Most helpful comment

@ajrcampbell Thanks again for the clear example. My guess is that your inference net in the guide is producing boundary values, i.e. it is not _sample_dirichlet() that produces the boundary values. Under that hypothesis, the following should suffice:

  class Net(nn.Module):
      ...
      def forward(self, x):
          x = self.dense(x)
-         return F.softmax(x, dim=1)
+         return F.softmax(x, dim=1).clamp(min=1e-8, max=1-1e-8)

fritzo on 30 Jul 2019

👍2

All 8 comments

Thanks for the detailed bug report and references, @ajrcampbell. Regarding your code snippet, current behavior appears correct to me: a Dirichlet distribution with parameters [0.5, 0.5] indeed has infinite density on the boundary. Do you expect instead a validation error?

Note that the torch.distributions.constraints library does not distinguish open vs closed sets. This is a shortcoming of the library that is complex to resolve. Any principled suggestion is welcome, and if there is sufficient practical advantage we could try to overhaul the library.

fritzo on 29 Jul 2019

@fritzo I agree the code snippet shows the correct behaviour.

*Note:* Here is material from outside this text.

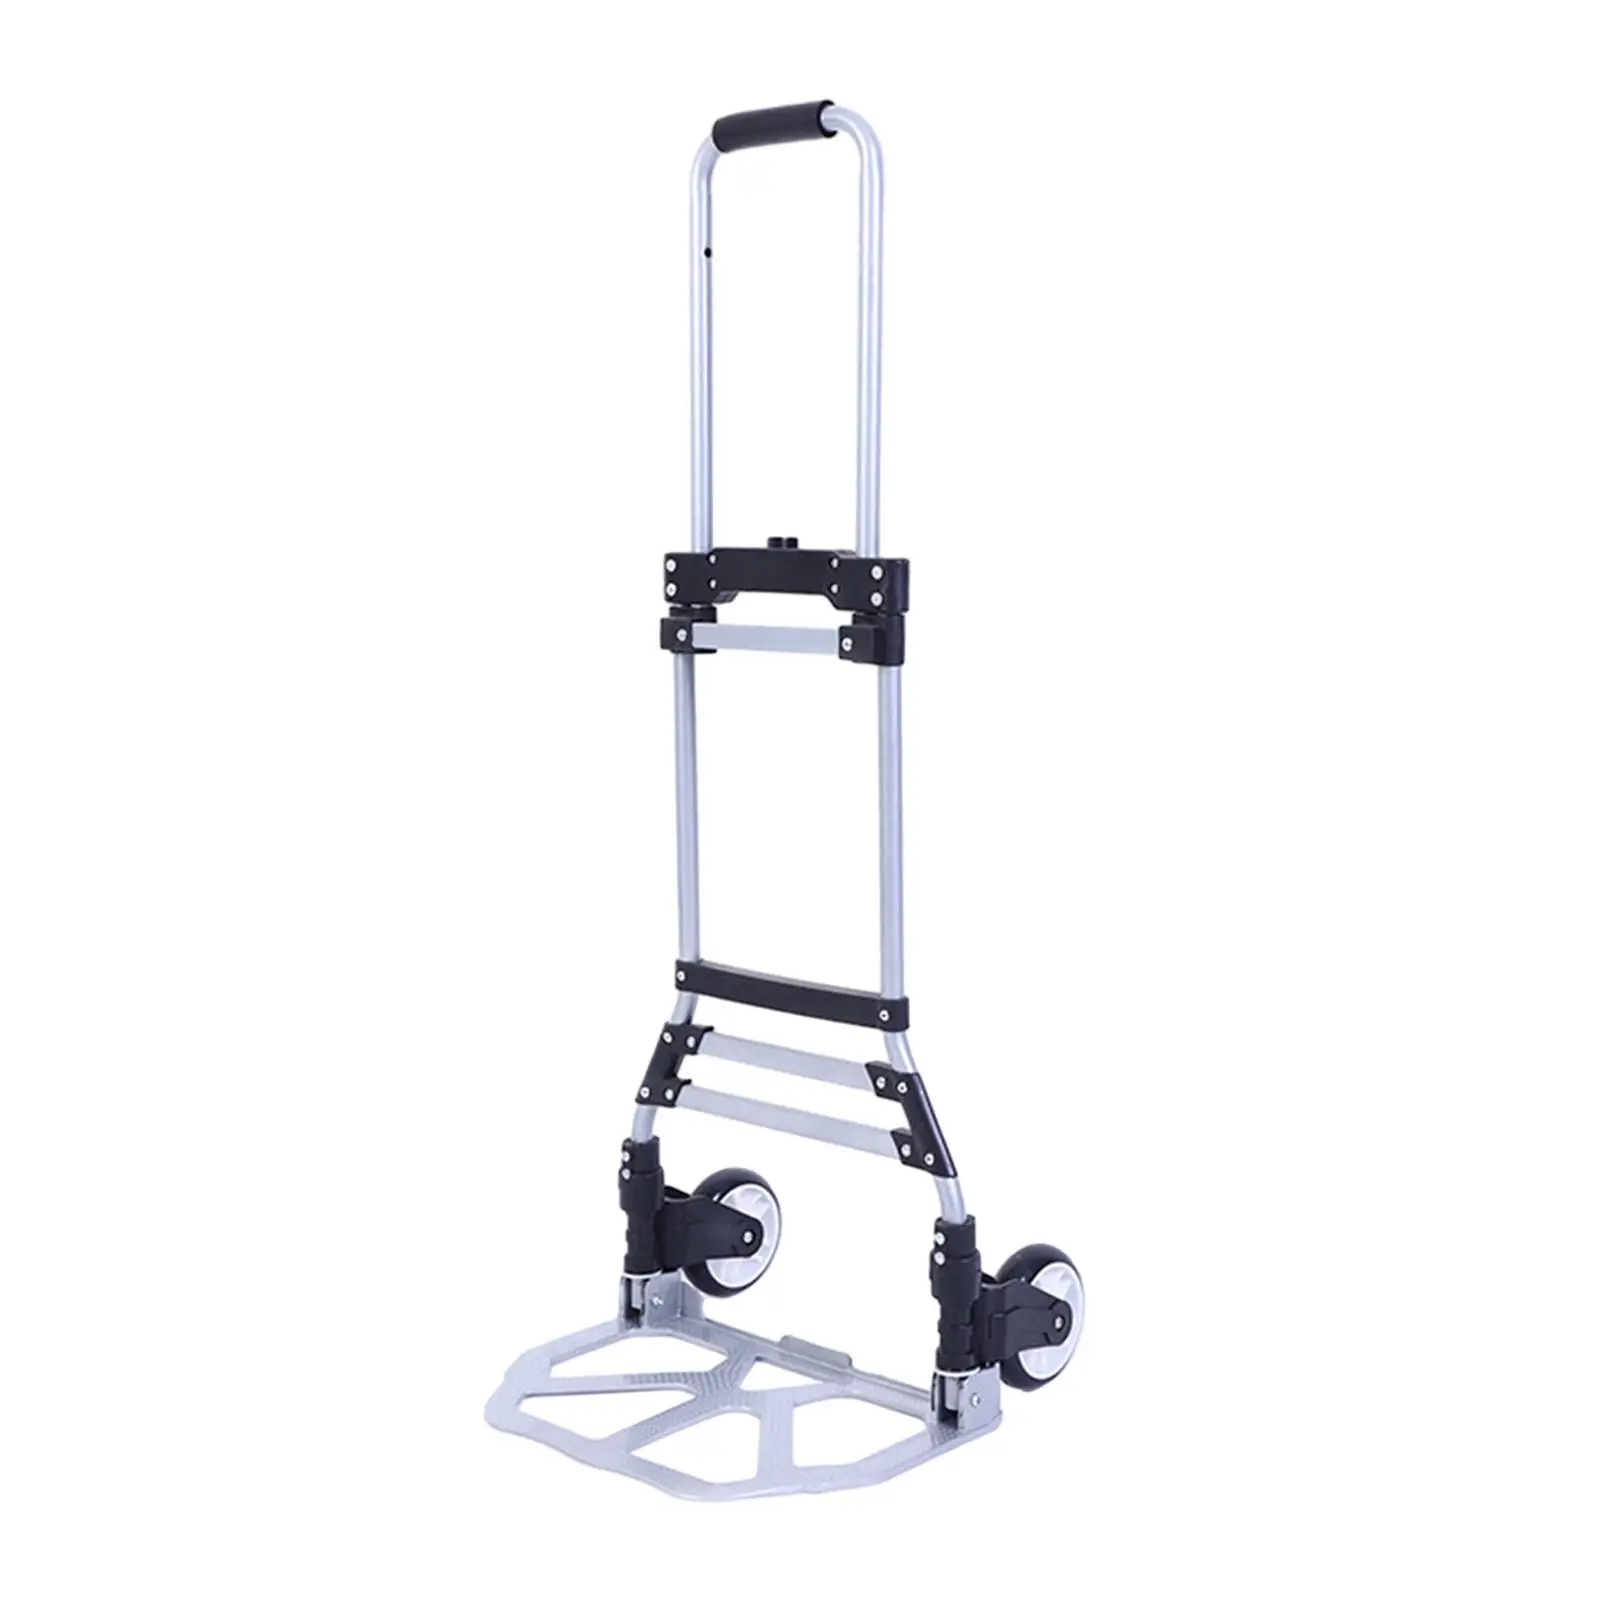 Foldable Hand Cart Portable Luggage Cart for Travel Household Transportation

What I was trying to say was that under the present implementation of the Dirichlet, the simplex constraint allows for boundary conditions that can cause scoring to be inf. This makes the Dirichlet unstable. Does it make it a bug?

You are right that torch.distributions.constraints does not have an open simplex constraint. It needs to be something like:

class _SimplexOpen(Constraint):
    def check(self, value):
        return (value > 0).all() & ((value.sum(-1, True) - 1).abs() < 1e-6).all()

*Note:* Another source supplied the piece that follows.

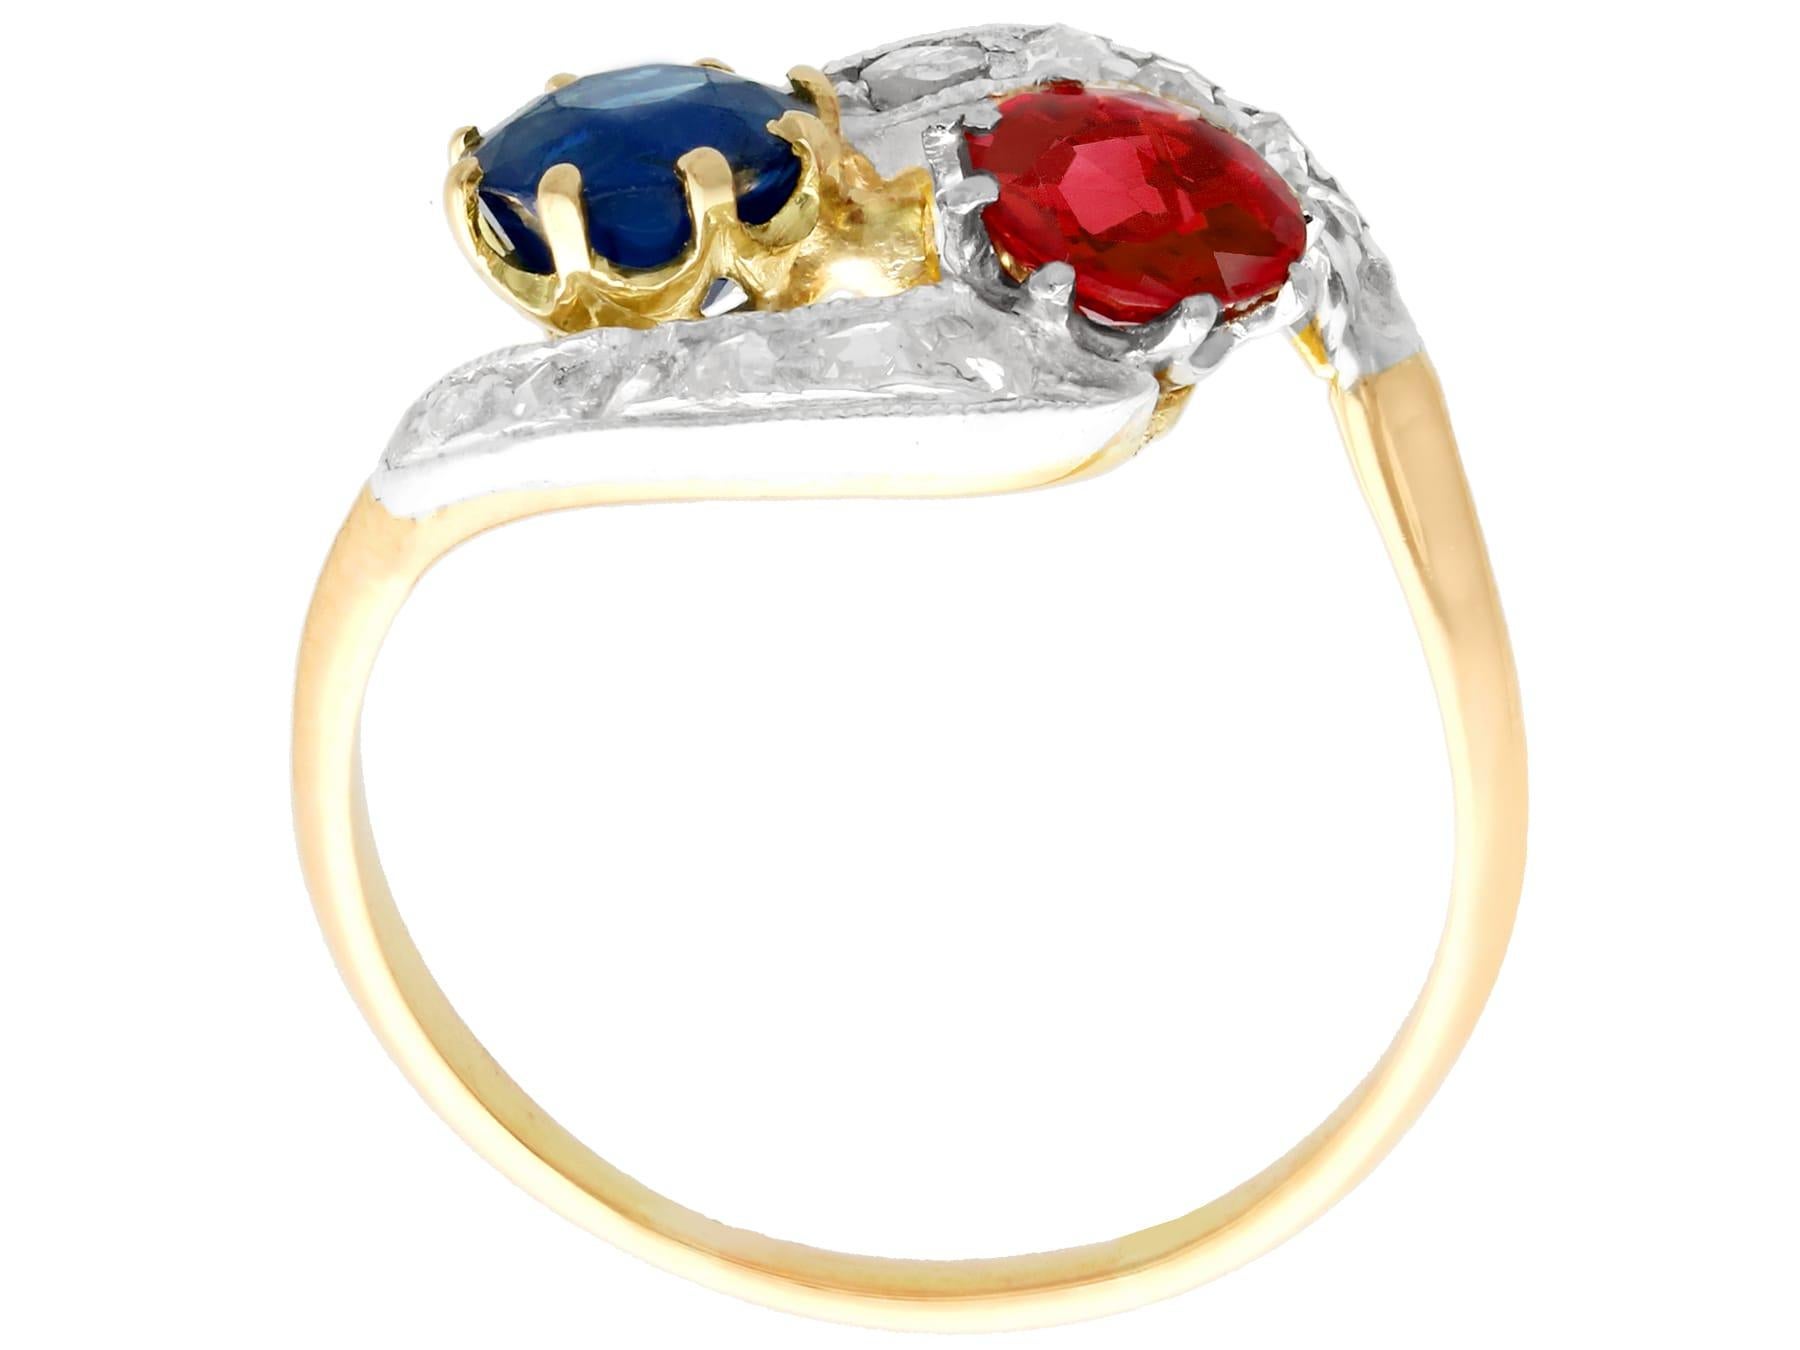 Antique Red Spinel and 1.02 Carat Sapphire Yellow Gold Twist Engagement Ring In Excellent Condition For Sale In Jesmond, Newcastle Upon Tyne

Another possibility could be to allow a lambda function to be passed to the primitive pyro.sample in order to clip, add constant, etc, on the fly when sampling?

I have built my own workaround using a custom elbo but it is not very elegant. It involves looping through the model and guide traces and checking sample nodes.

ajrcampbell on 29 Jul 2019

I like the idea of allowing sample modifications inside pyro.sample statements. One way you could do this now is via a distribution subclass, e.g. the following might work:

class ClippedDirichlet(Dirichlet):
    def rsample(self, sample_shape=torch.Size()):
        value = super(ClippedDirichlet, self).rsample(sample_shape)
        return value.clamp_(min=1e-8, max=1-1e-8)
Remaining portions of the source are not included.